Aunque, no por mucho tiempo, resultó ser.
—Ni siquiera me preguntaste qué pensaba —murmuró Aaryn en el silencio unos minutos después. Estaba acostado de lado, dándole la espalda. Su voz era baja y áspera.
—¿Sobre la travesía?
—Por supuesto sobre la travesía. No me preguntaste, El. No quisiste saber si sabía algo o tenía ideas que tú no habías tenido. Ni siquiera me preguntaste como tu compañero.
Elreth frunció el ceño en la oscuridad. —Esta no es una decisión que estoy tomando para nosotros —dijo cuidadosamente—. Es el único camino a seguir para toda nuestra gente.
—Probablemente —dijo Aaryn con resentimiento—. Pero ni siquiera preguntaste.
Elreth suspiró. —¿Así es como va a ser esto, Aaryn? ¿Tengo que consultar contigo cada decisión de gobierno que tome para asegurarme de que mi compañero no esté en desacuerdo?
—¡No! —se dio la vuelta rápidamente, sus ojos brillando en la oscuridad—. Me das a mí —tu compañero— la oportunidad de respirar antes de anunciar a toda la familia que vas a hacer algo que pone en riesgo tu vida. Me pides a mí, tu compañero, que lo hablemos para que sepas que estás pensando con claridad, y yo sepa por qué estás tomando la decisión —porque te importa lo que pienso y cómo me siento, y lo jodidamente aterrador que es pensar en perderte!
Elreth parpadeó. —Pero… vamos a hacer esto juntos, ¿verdad?
—¡Por supuesto!
—¿Entonces por qué estás enojado?
—¡Porque ni siquiera preguntaste! —repitió, su voz volviéndose más acalorada—. ¿Importa cómo me siento respecto a esto? ¿Cómo me siento por ser quien debe protegerte? ¿Importa que esté asustado por ti —y desesperado por no fallarte?
Ella se volvió hacia él, puso una mano en su brazo. —Sí, importa —dijo en tono tranquilizador—. Pero confío en ti, Aaryn. Sé que no me defraudarás. Y sé que ambos somos lo suficientemente fuertes para hacer esto. Eso significa que debemos hacerlo. Es la mejor decisión. Sé que estás nervioso por mí, pero pensé que lo verías así. Que estarías de acuerdo en que necesitaba ir allá.
—No se trata de estar de acuerdo, se trata de si importo lo suficiente como para ser consultado.
—Lo siento. Todo salió… Tú importas, Aaryn. Para mí, importas más que nadie.

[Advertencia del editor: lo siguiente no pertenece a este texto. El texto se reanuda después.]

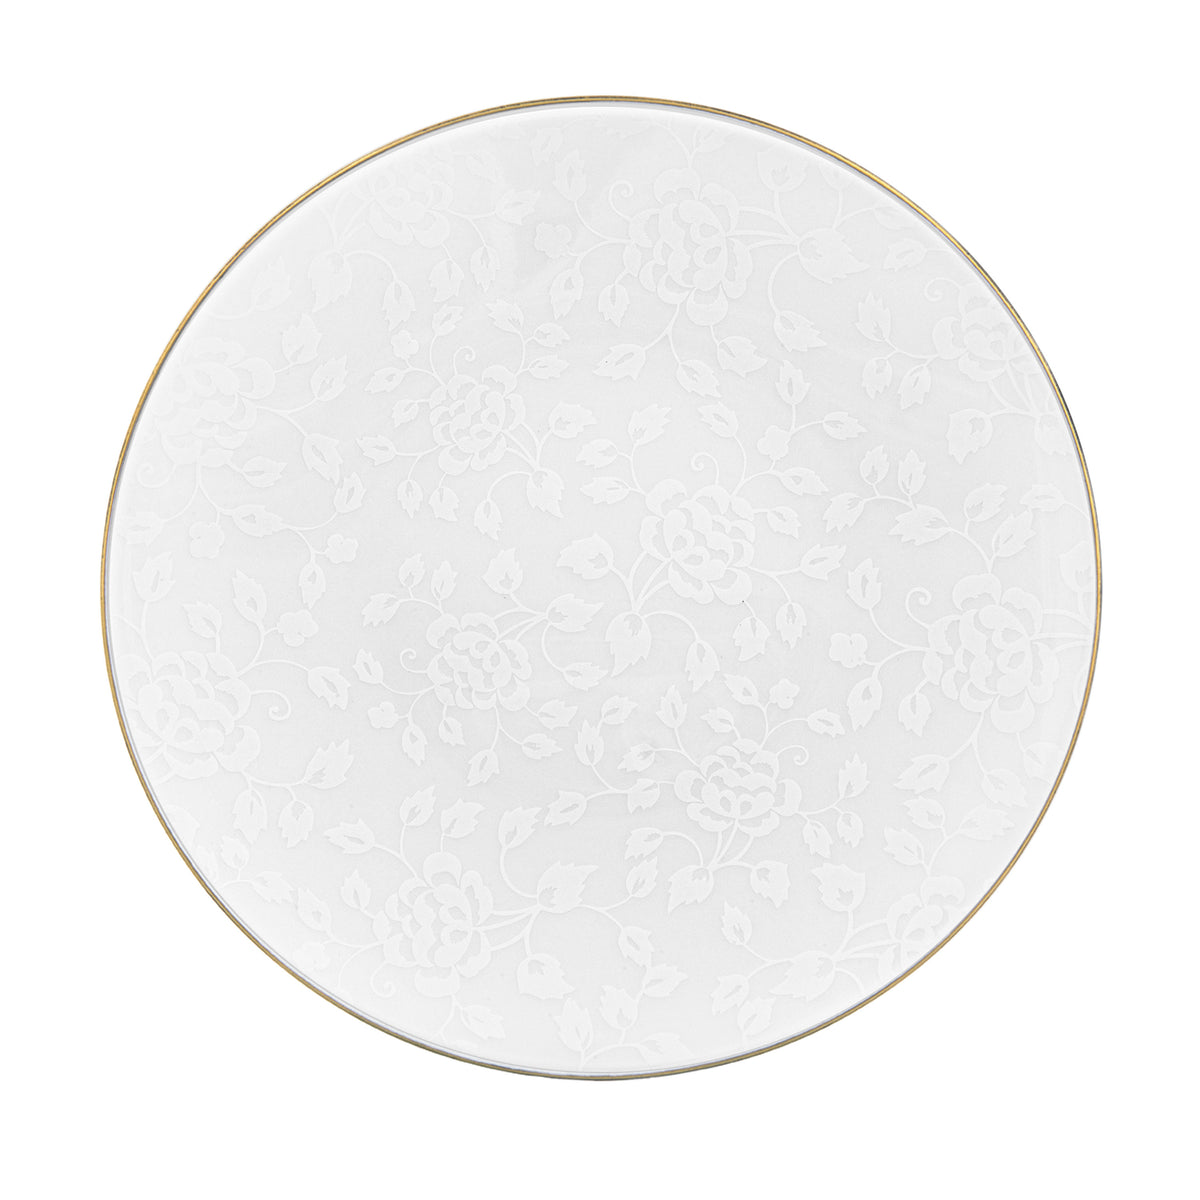 CHARDONS blanc sur blanc filet Or - Assiette de présentation

—Entonces, ¿por qué no me escuchaste cuando dije que necesitábamos ir más despacio y no tomar esta decisión aún?
—¡Porque no hay otra opción! Retrasarlo solo sería… retrasarlo. No hay nada que ganar. Tenemos a una humana suelta en Anima y no sabemos cómo llegó aquí. Tenemos una profecía que dice que los humanos van a ser nuestra perdición. Y tenemos una travesía que acabamos de aprender que podemos navegar con seguridad por primera vez… todas las respuestas están al otro lado, Aaryn. Y son las respuestas a las preguntas que yo tengo que hacer. Nadie más. Yo. Porque si fallamos, no serás tú el responsable. Seré yo.
Aaryn suspiró profundamente, sus ojos buscando los de ella.